The EU Parliament in Strasbourg — where Big Tech faces its biggest challenges yet. Credit: Leonid Andronov via Canva.com
For years, Google’s defence was always the same: Android is a free, flexible, and good for competition. But the EU was never fully convinced about that. And now that the EU Court advisor has rejected the company’s final appeal, the largest antitrust fine in Europe’s history appears to be a permanent part of the legal playbook. At the centre of this case is more than pre-installed apps or default search engines; it is about how one company, operating under the guise of openness and shaped by billions of users, could see its software installed and accessed by default.
The €4.125 billion fine may dominate the headlines. Still, the real cost to Google is not the money, but the precedent that Brussels is not allowing platforms to grow and check and then call it innovation. This time, it’s not just Android under the microscope; it’s the entire idea of the digital ecosystems as a neutral ground.
How Google got here
It began in 2018, when the European Commission fined Google a record amount for its control over the Android operating system.

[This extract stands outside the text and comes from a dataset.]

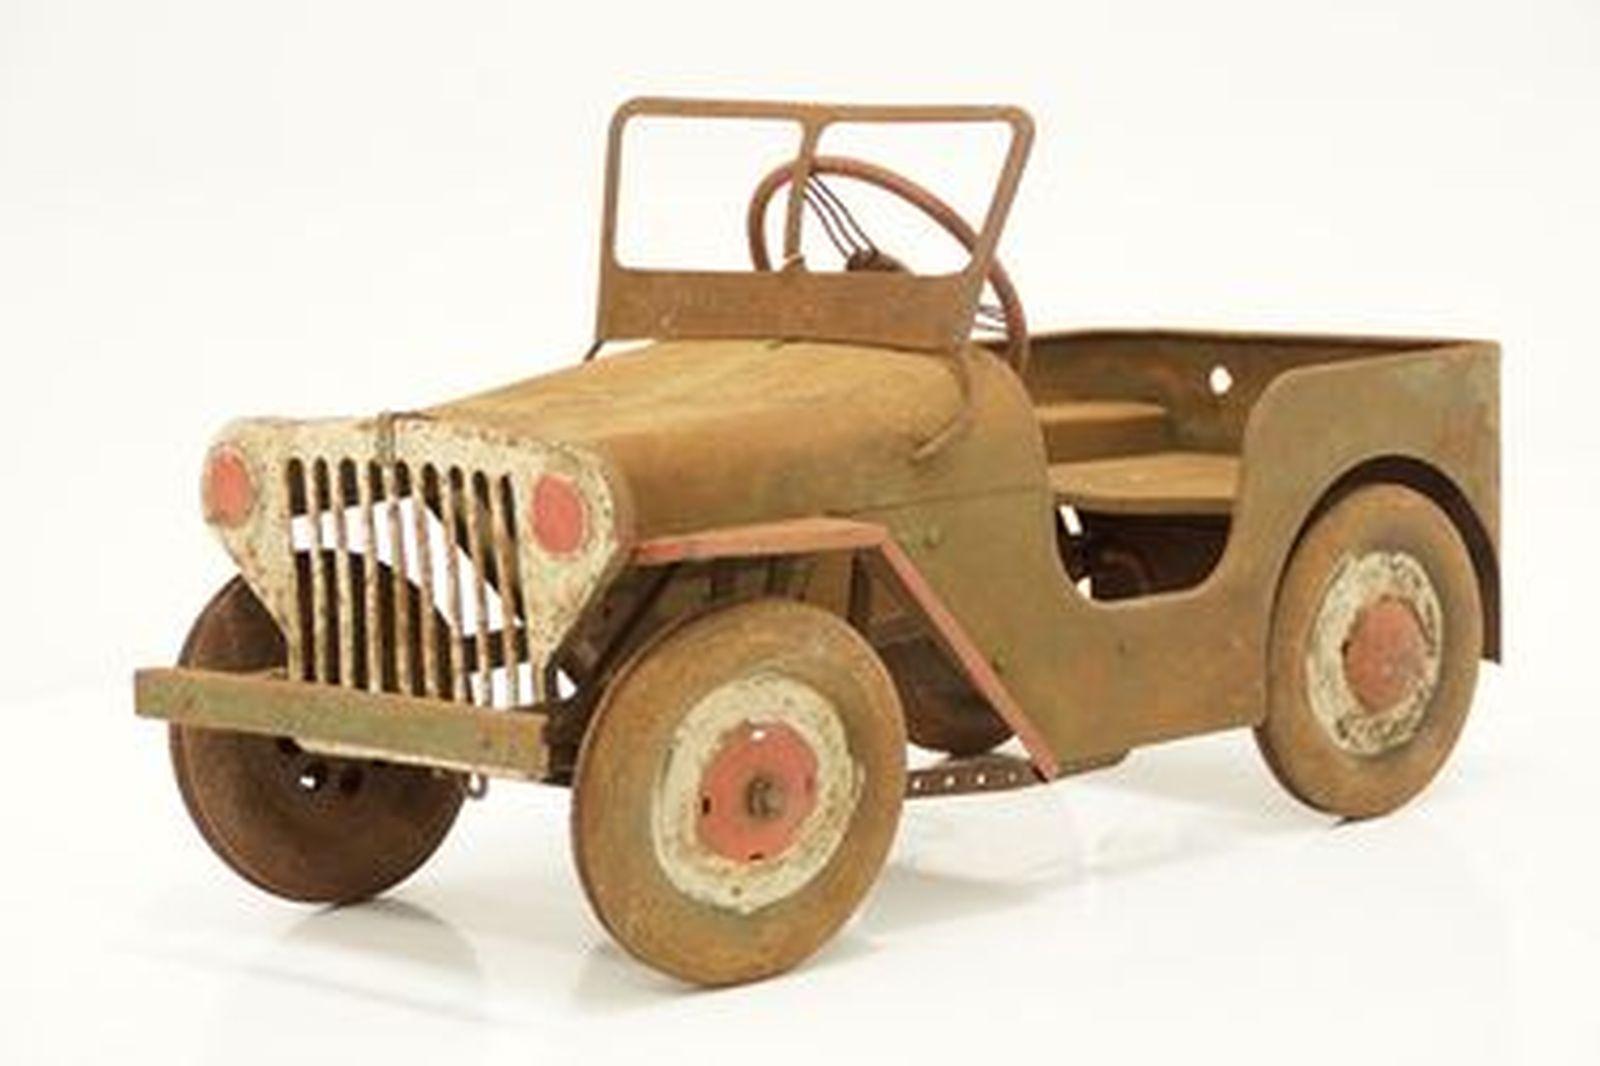 c1950's Jeep Pedal Car (Unrestored)

- Phone makers were effectively required to pre-install Google Search on Chrome as a condition for getting access to the Play Store.
- There was one condition that shaped hundreds of millions of users across the EU, leaving little room for rivals and monopolising the entire market.

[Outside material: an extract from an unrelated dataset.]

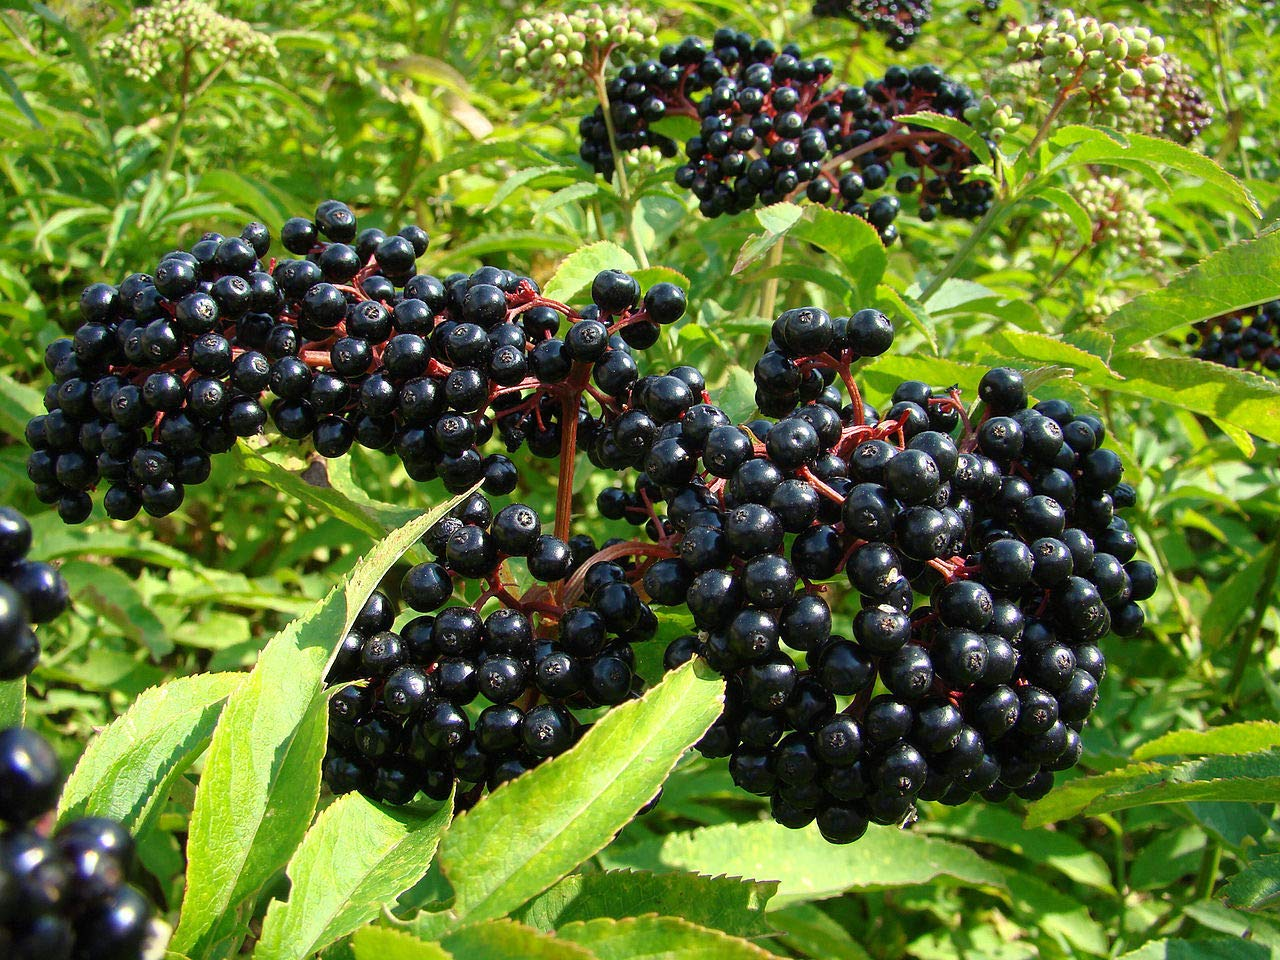 owzoneplant 1 Plant in 2 Gallon Pot Wilder Native Elderberry Bush - Fruit Shrub by owzoneplant (Image #1)

Google appealed to the General Court in 2022, which ruled in favour of the decision to lower the fine, agreeing that the company had imposed the legal restriction on manufacturers:
- Now, in 2025, the company’s final legal card and appeal to the EU’s Court of Justice looks like it’s going nowhere.
- Advocate-General Juliane Kokott called Google’s arguments “unconvincing” and said their comparisons to hypothetical competitors were “unrealistic.”
- That may sound technical, but it cuts to the heart of the matter: if your market power is so great that no alternative can compete under fair conditions, then you’re not offering choice. You’re offering a default — locked in and dressed up as freedom.
What does this ruling mean
The €4.125 billion fine is the headline, but the real punishment is what the ruling will say about the platform’s default. Google argues that you can always download a different browser, and you can always change your search engine if you really want to.
However, the use response has been consistent if one company controls the people who see it first; that’s enough to shape behaviour and shape behaviour at scale? That’s power, that’s Market power.
This case makes one thing clear: offering an option does not mean offering competition, especially when most users never touch their settings.
Kokott’s recommendation — and history suggests it probably will — establishes a legal precedent: default settings can be anticompetitive, even if alternatives technically exist.
That one idea could ripple through future fights over operating systems, voice assistants, app stores, and not just for Google.
Why Europe keeps going after Google
Europe has been fighting with Google for the past decade. The EU has fined the company for shopping ads for Android dominance in AdSense, totalling more than €8 billion, and that’s before we factor in the upcoming Digital Markets Act enforcement, which could reshape Google’s operations entirely.
However, unlike the U.S., where legal battles often drag on due to technicalities, Brussels frames these cases differently. It’s not just about consumer harm. It’s about structural distortion — when a company becomes the road, the gate, and the destination all at once.
Google has become a foundation that regulates those foundations with the means to confront what gets built on top, including search ads, Maps, shopping, and YouTube.
So, they chose to stop treating platforms like services and start treating them like infrastructure. That’s why this fine matters, and that’s why it’s sticking. Europe isn’t just punishing this abuse; it’s rewriting the blueprint.
The Digital Markets Act
Google awaits its fine ruling under the Digital Markets Act, which was first introduced in March 2022. It will inform how Tech Giants operate companies like Google, Apple, Meta, and Amazon are titled as Gatekeepers, which means they’re now legally required to open doors they’ve spent locking behind them.
For Google, that means offering real browser choice on bundle services and letting the users uninstall defaults, and more than that, it’s to redesign the interfaces that don’t match people back into the company’s ecosystem at every turn.
The €4.125B fine isn’t just a punishment for what Google did in 2018. It’s ammunition for what regulators will do in 2025 and beyond. It sets the tone. It sets boundaries. And most importantly, it sends a message to every gatekeeper on the list: The era of self-policing is over.
What does this really say about power?
Europe builds barriers, while Google builds tools. Somewhere between these two narratives lies where most people live, tapping into applications they didn’t choose, running systems they didn’t configure, and trusting the defaults to be neutral when they are not.
In 2018, Google’s defence was that it gave users everything. Now in 2025, Europe’s position is that it gave them too much and too little at the same time, where there’s too much control, too little competition, too many steps to switch and too few chances to even realise it
The identity behind all this is that the language is about choice, and it’s about what they’re likely to do and who gets to shape the path first, so it’s something bigger, and it cracks the logic that has built its dominance in the first place.